Different sizes of lambda expressions in VS2010?

Question

Out of curiosity, I tested the size of a lamba expression. My first thought was, that they'd be 4 bytes big, like a function pointer. Strangely, the output of my first test was 1:

auto my_lambda = [&]() -> void {};
std::cout << sizeof(my_lambda) << std::endl;

Then I tested with some calculations inside the lambda, the output still being 1:

auto my_lambda2 = [&]() -> void {int i=5, j=23; std::cout << i*j << std::endl;};
std::cout << sizeof(my_lambda2) << std::endl;

My next idea was kinda random, but the output finally changed, displaying the awaited 4:

auto my_lambda3 = [&]() -> void {std::cout << sizeof(my_lambda2) << std::endl;};
std::cout << sizeof(my_lambda3) << std::endl;

At least in Visual Studio 2010. Ideone still display 1 as the output.
I know of the standard rule, that a lambda expression cannot appear in an unevaluated context, but afaik that only counts for direct lambda use like
sizeof([&]() -> void {std::cout << "Forbidden." << std::endl;})
on which VS2010 prompts me with a compiler error.
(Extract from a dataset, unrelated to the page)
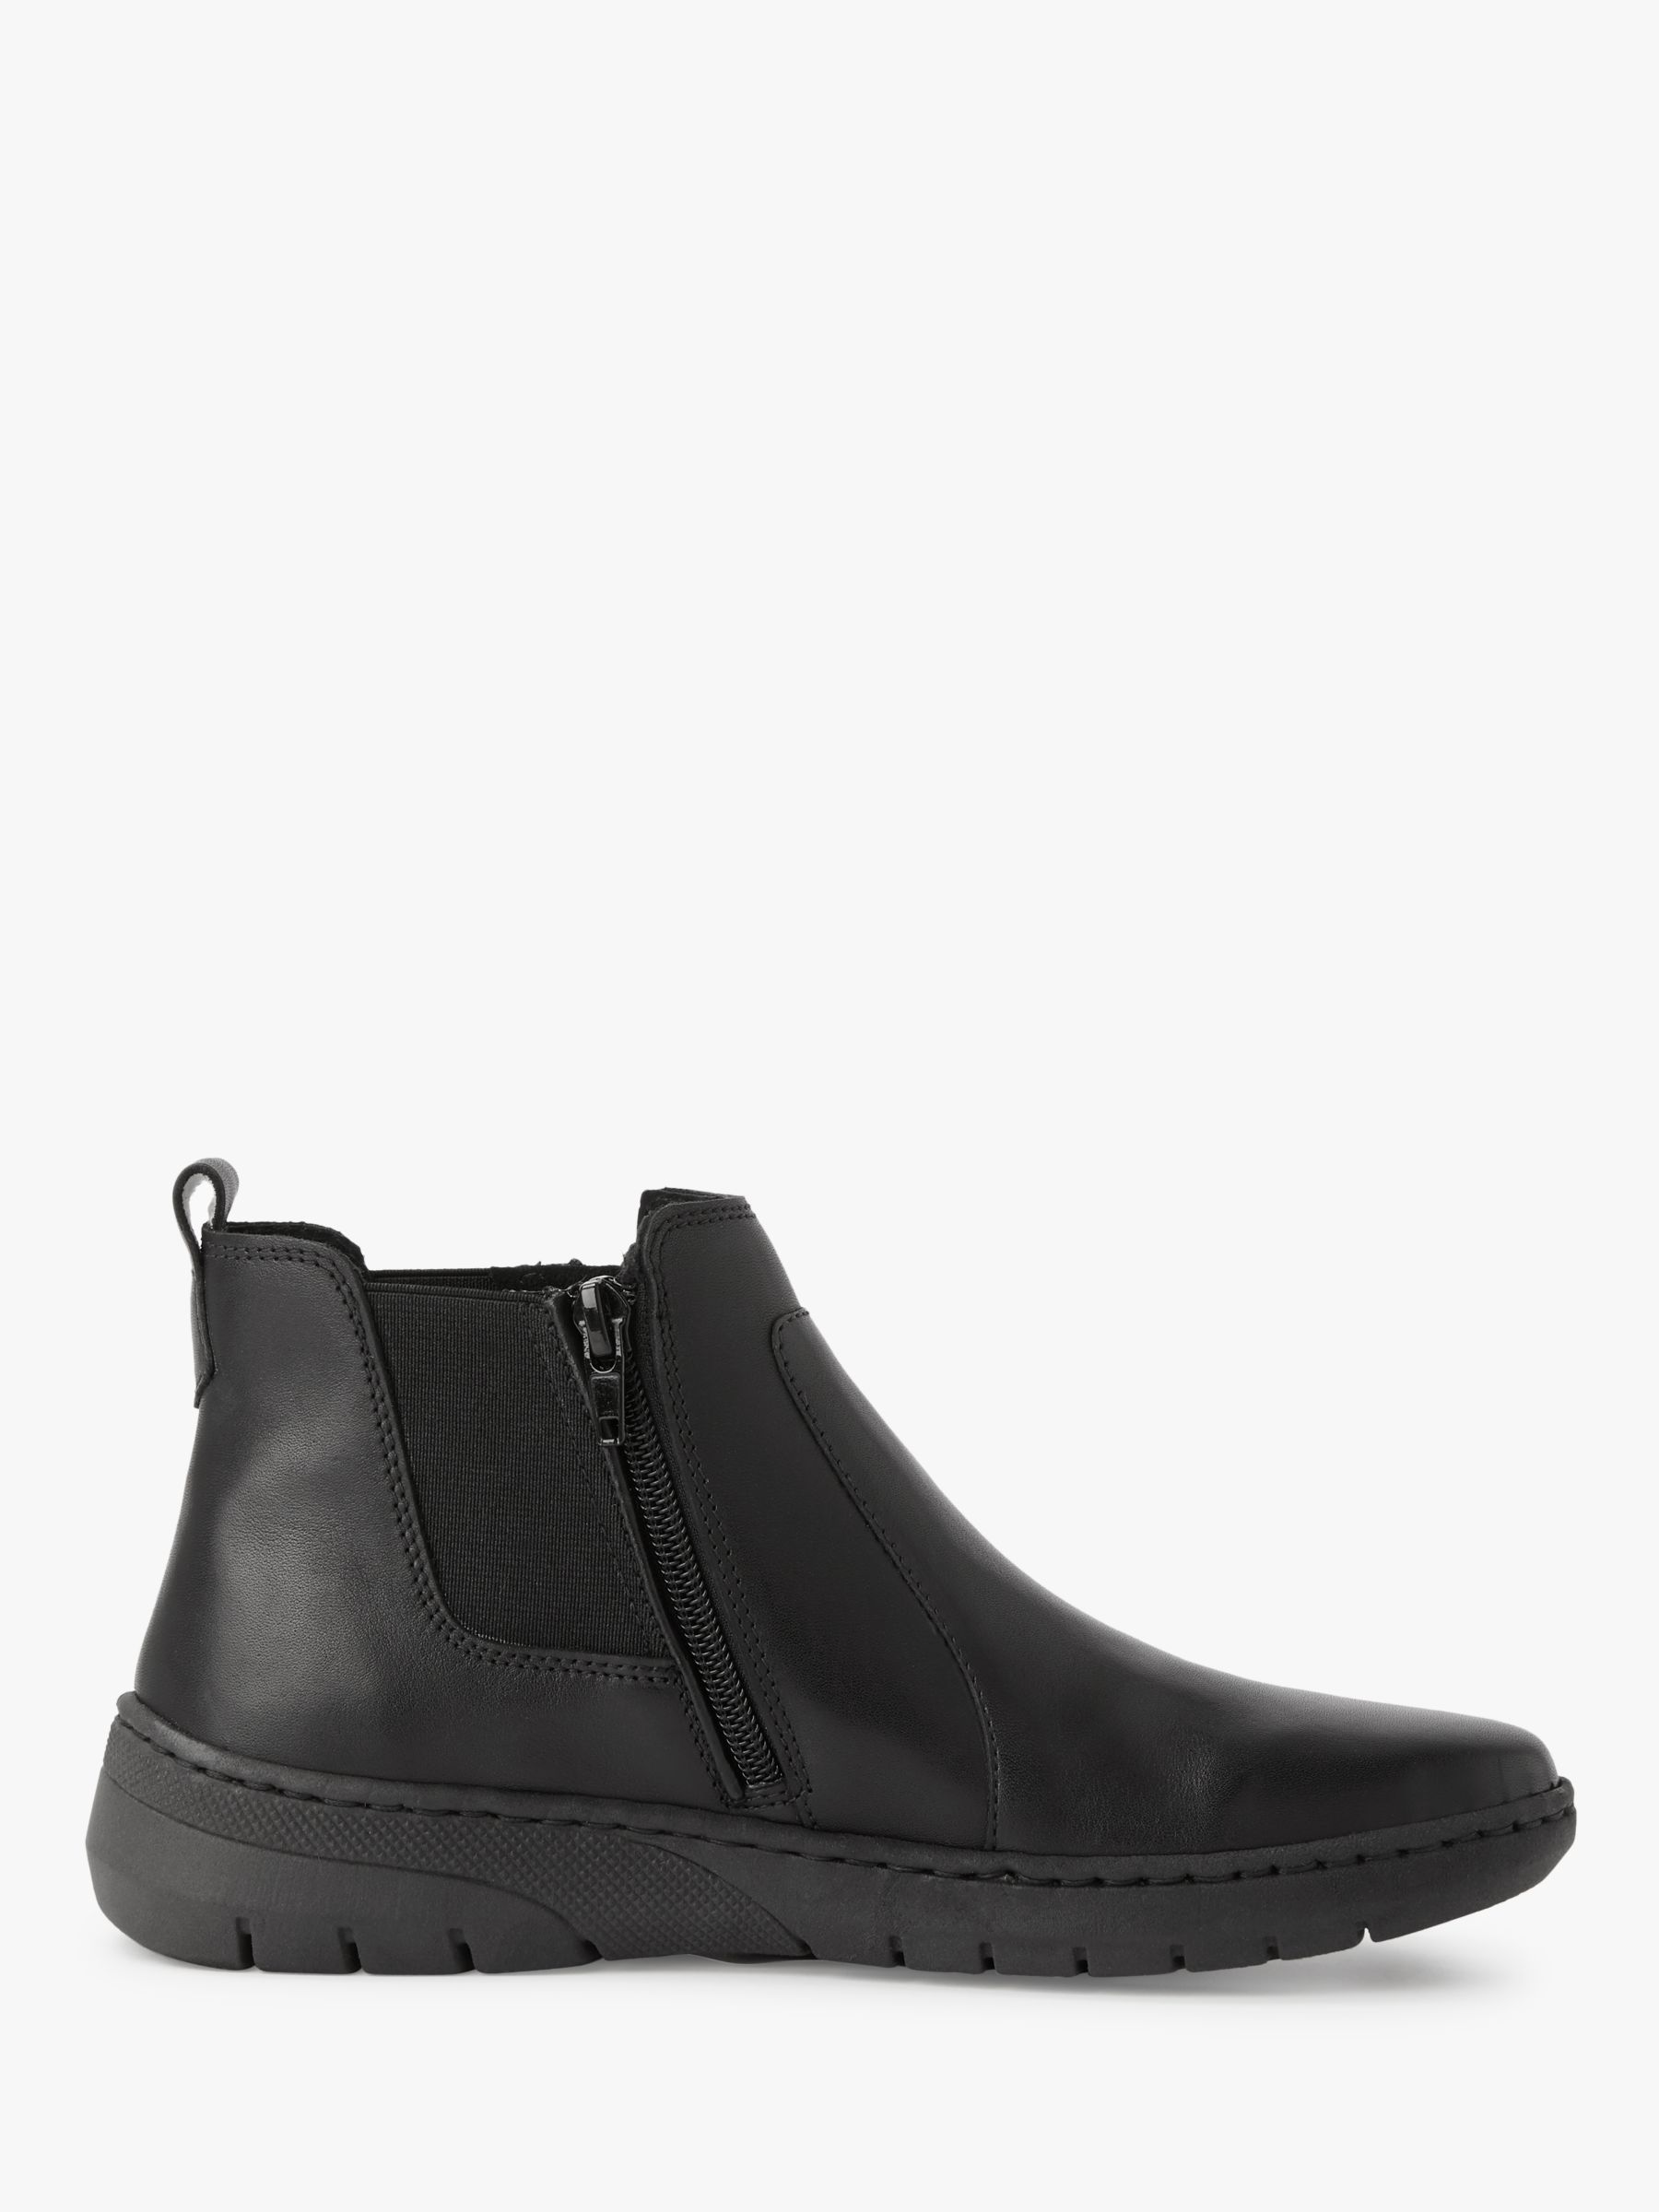 John Lewis Partners Designed For Comfort Yale Flat Ankle Boots Black Leather At John Lewis Partners
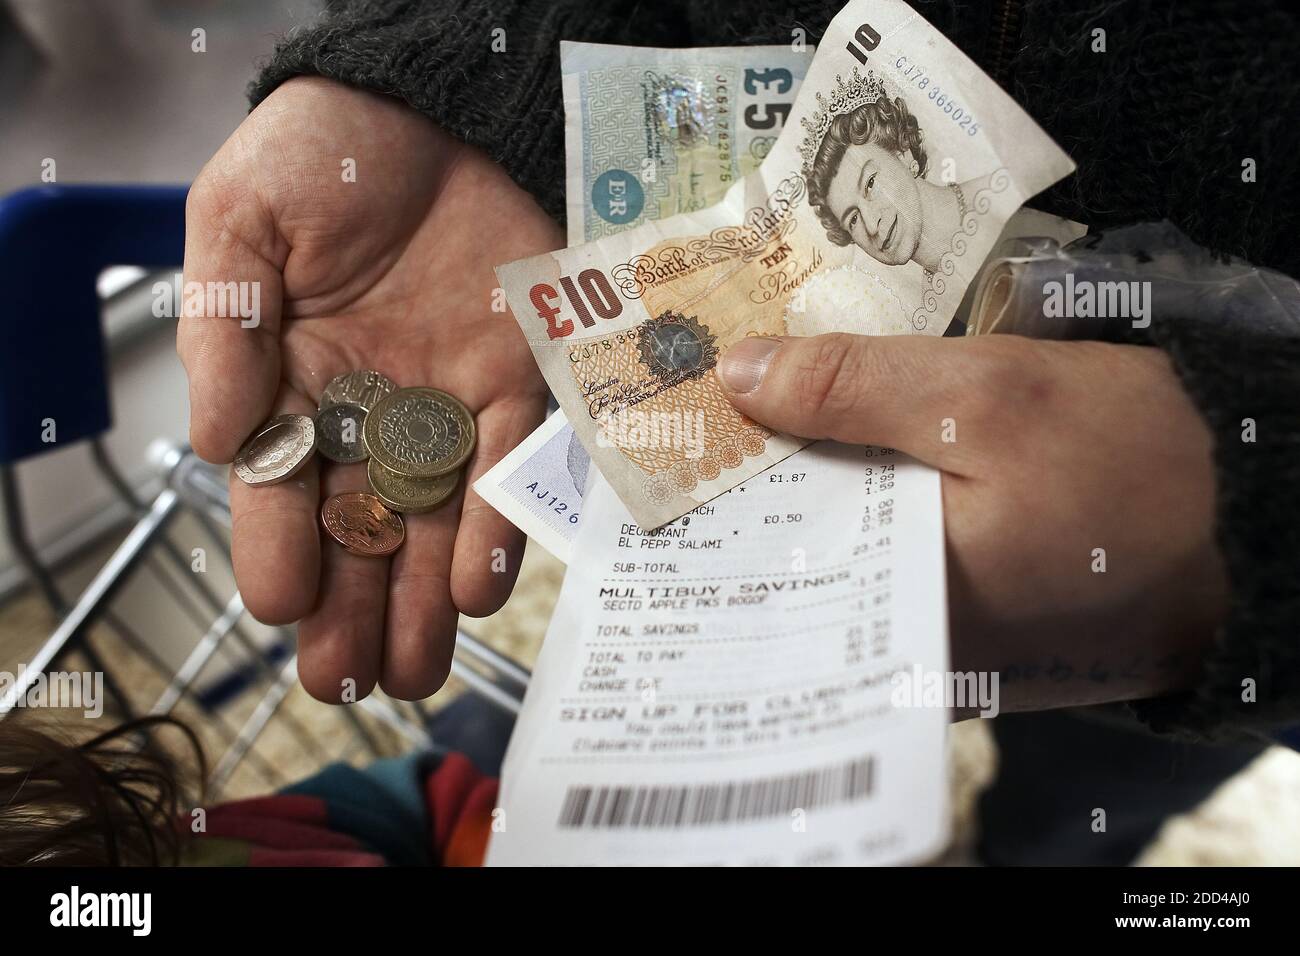 GREAT BRITAIN / England /Sterling pound notes and coins in Human Hand.man counting coins and bank notes for saving. money saving Stock Photo

Anyone got an idea what's going on?

Answer 1

Thanks to @Hans Passant's comment under the question, the solution was found. My original approach was wrong in the fact that I thought every object would be captured by the lambda, but that isn't the case, only those in the enclosing scope are, and only if they are used.
And for everyone of those captured objects, 4 bytes are used (size of the reference).

Answer 2

Visual Studio probably doesn't implement lambda objects as functions. You're probably getting an object back. Who knows what it looks like. If you're truly interested you could always look at your variables with a debugger and see what they look like...if it'll let you.